Exercise: The answer must give back every line of the data exactly, with no pictures.
── Information provided
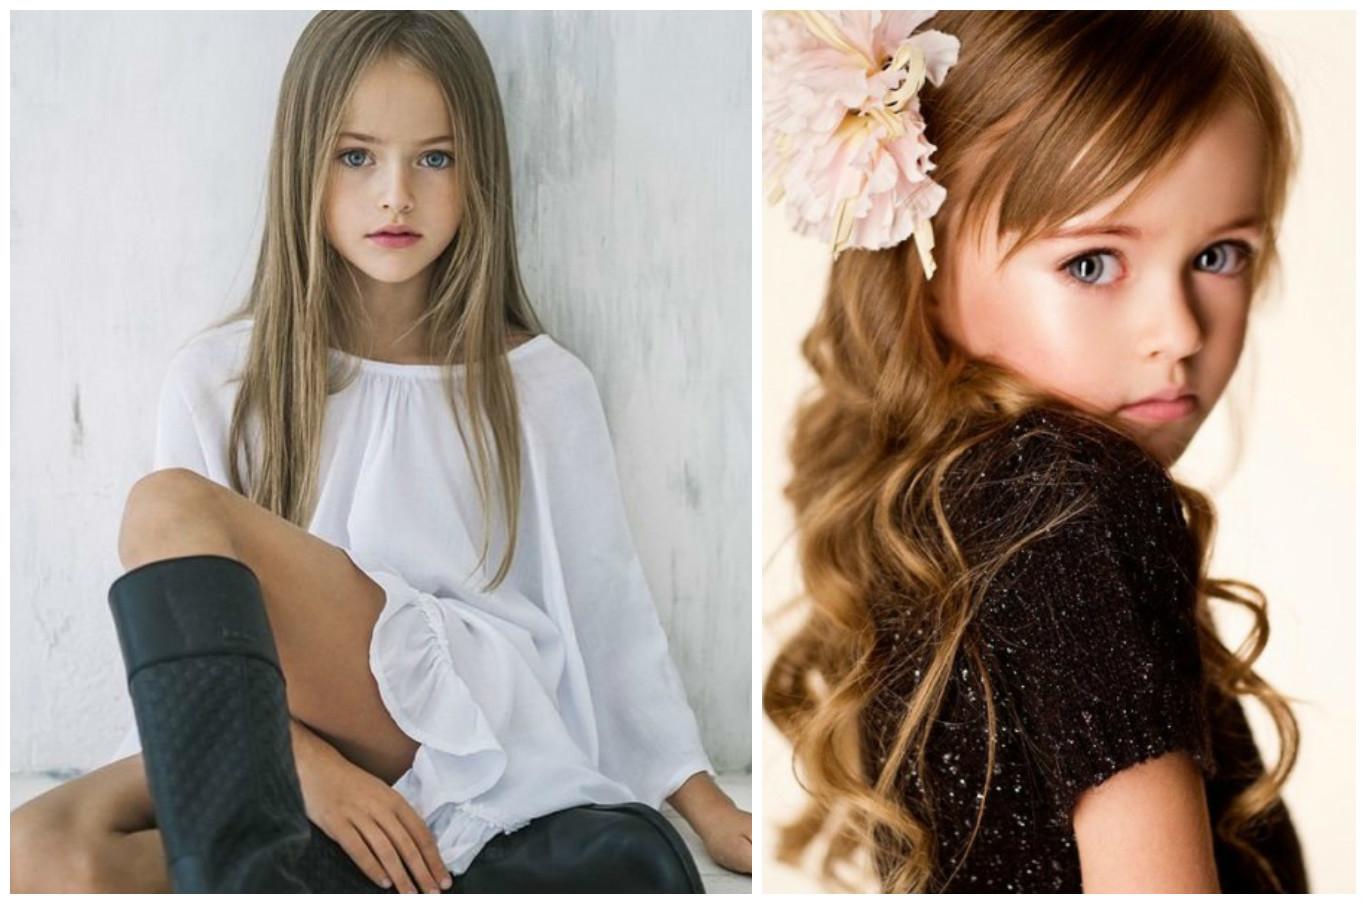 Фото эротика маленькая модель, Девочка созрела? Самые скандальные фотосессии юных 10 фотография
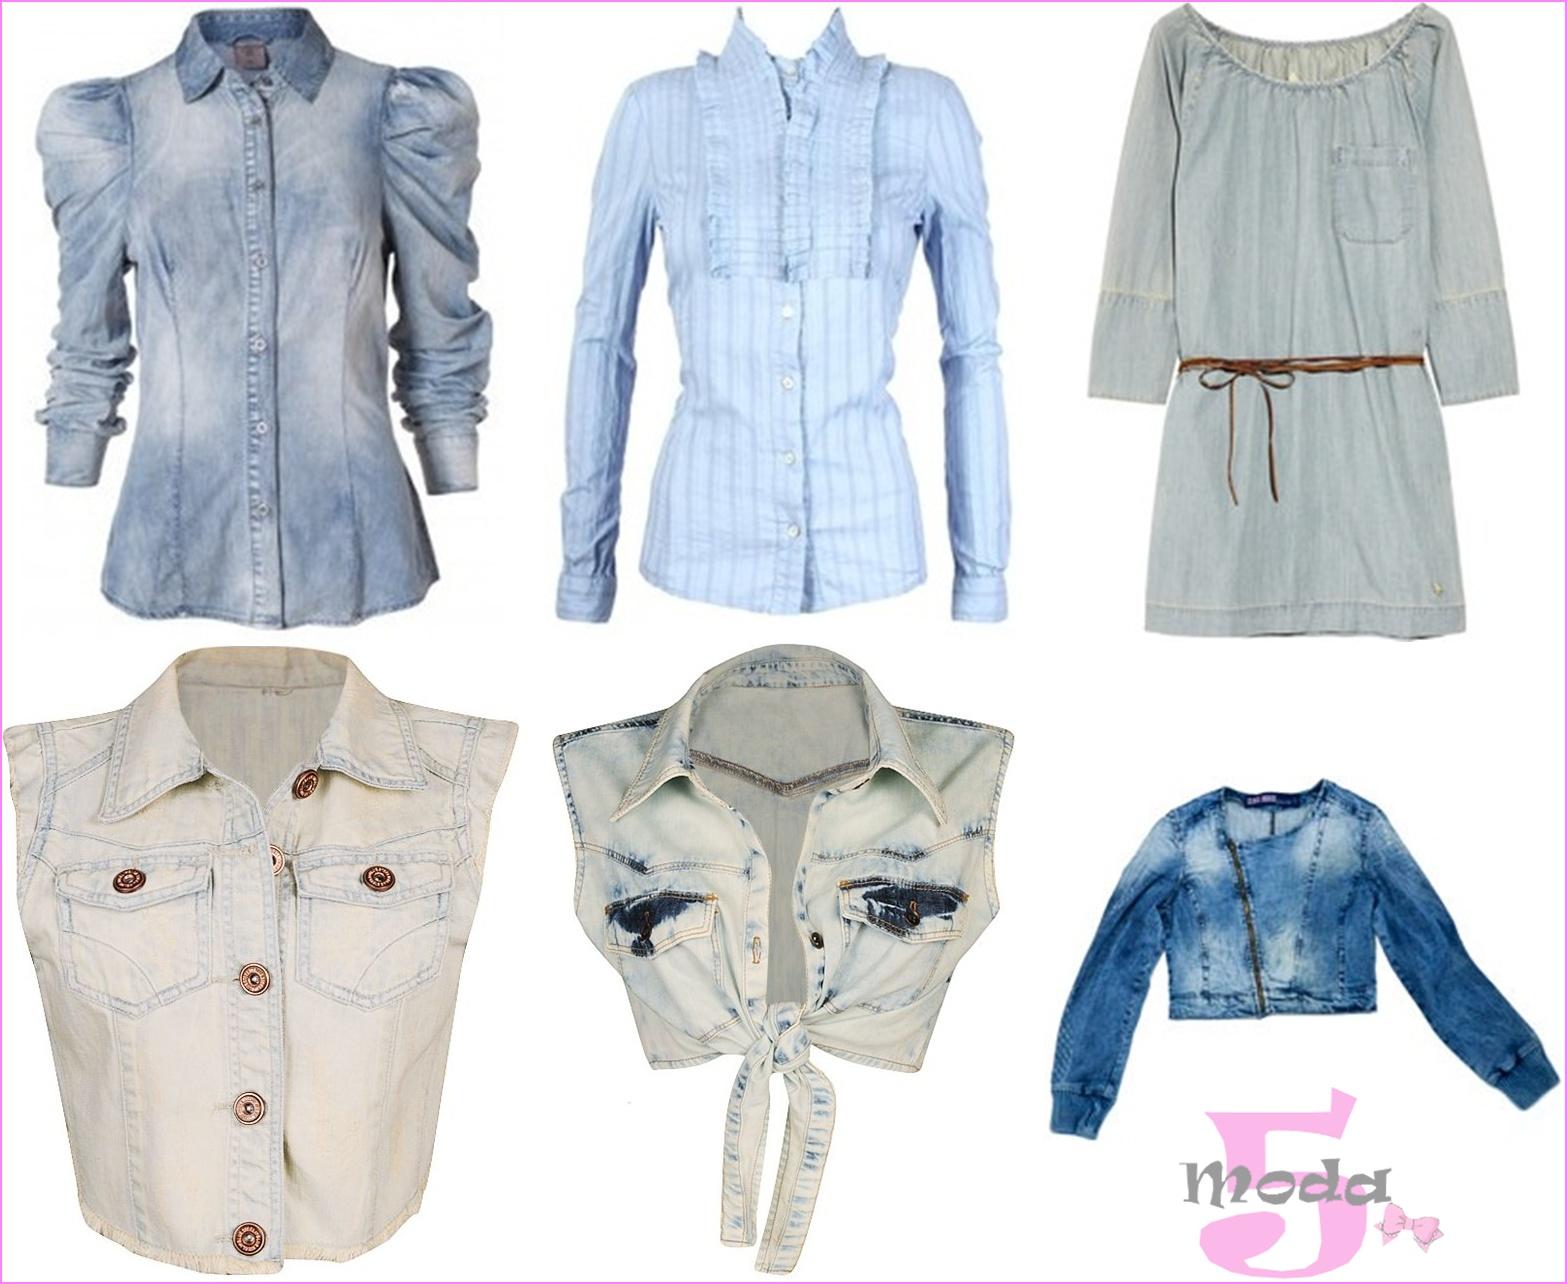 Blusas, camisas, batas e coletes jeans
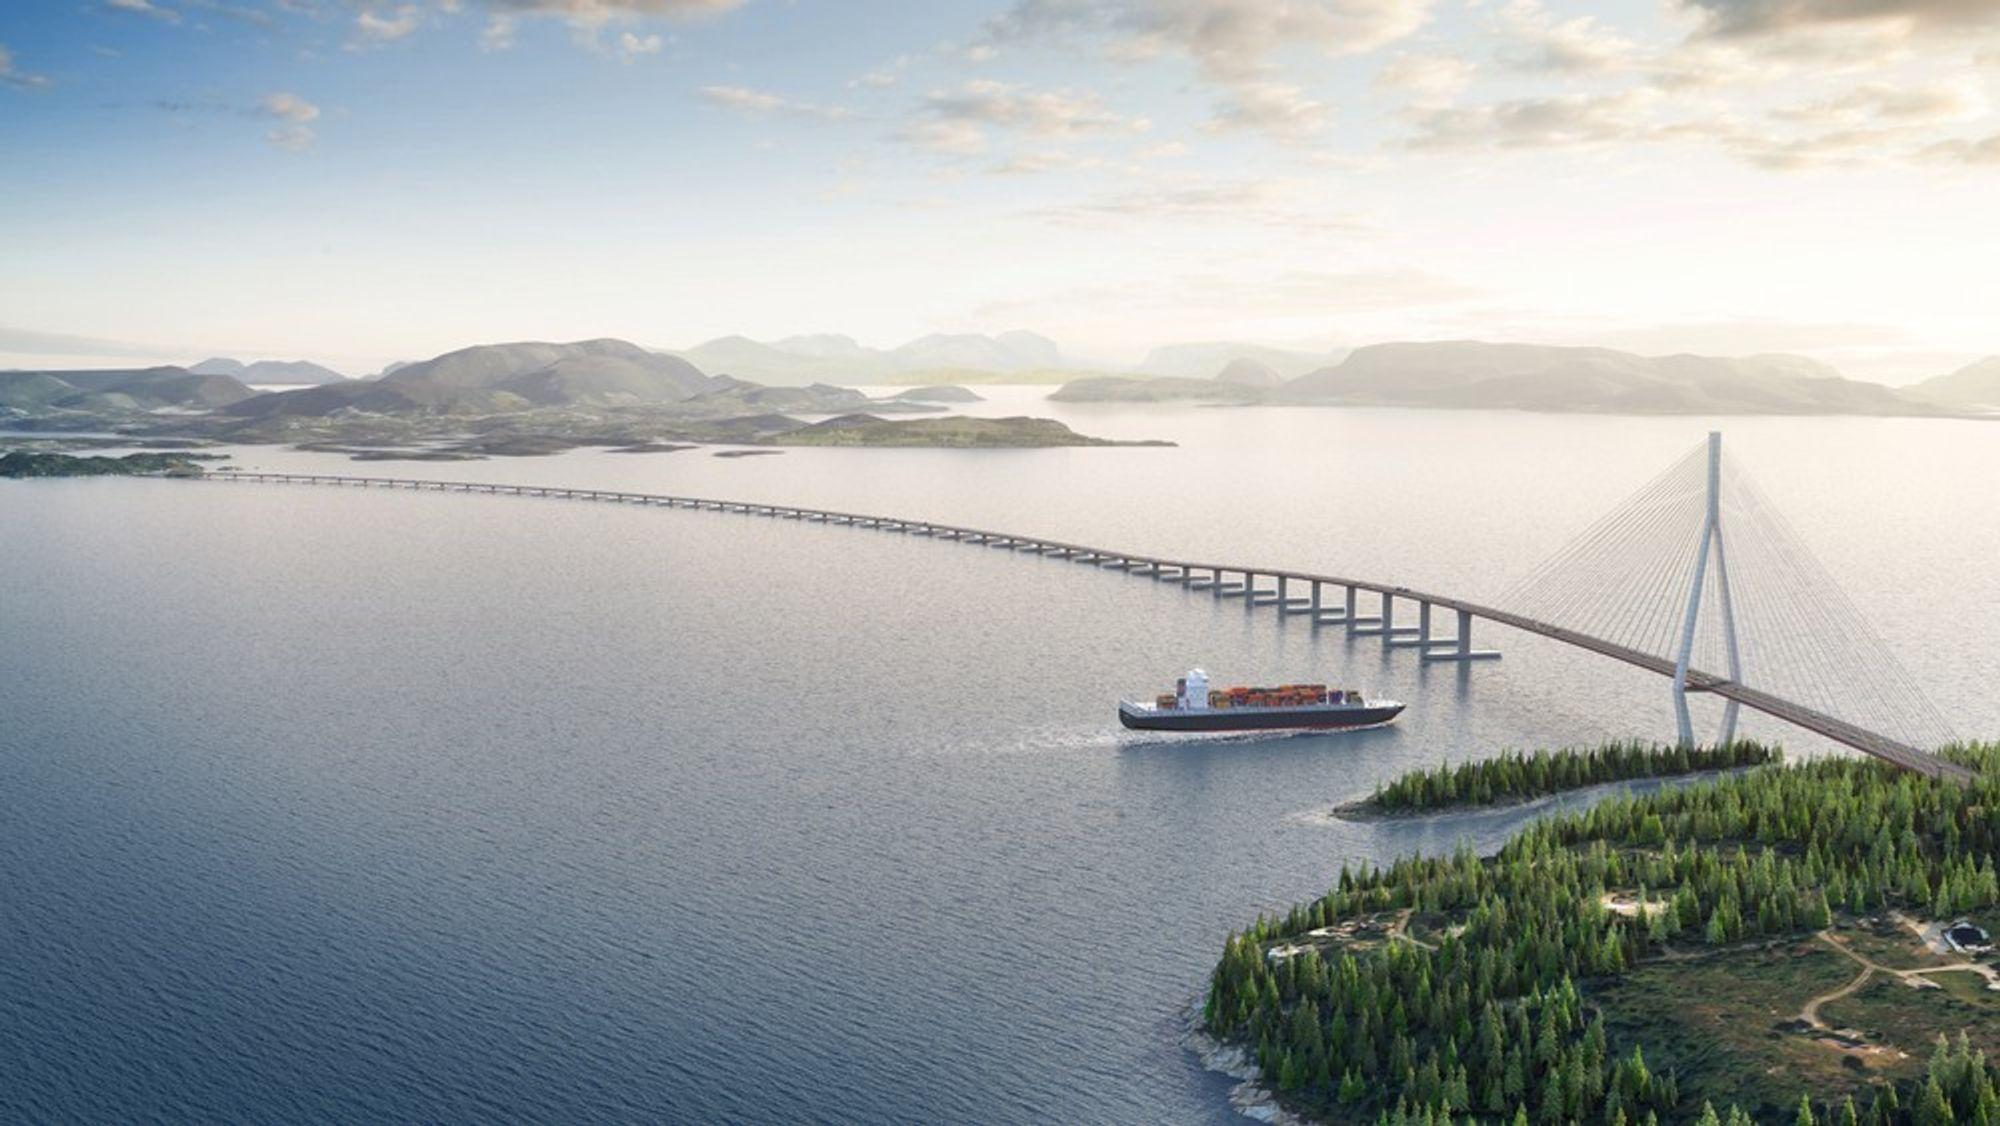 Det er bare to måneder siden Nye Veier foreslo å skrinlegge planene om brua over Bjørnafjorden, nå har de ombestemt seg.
────
Solution to this exercise:
 Фото эротика маленькая модель, Девочка созрела? Самые скандальные фотосессии юных 10 фотография
 Blusas, camisas, batas e coletes jeans
 Det er bare to måneder siden Nye Veier foreslo å skrinlegge planene om brua over Bjørnafjorden, nå har de ombestemt seg.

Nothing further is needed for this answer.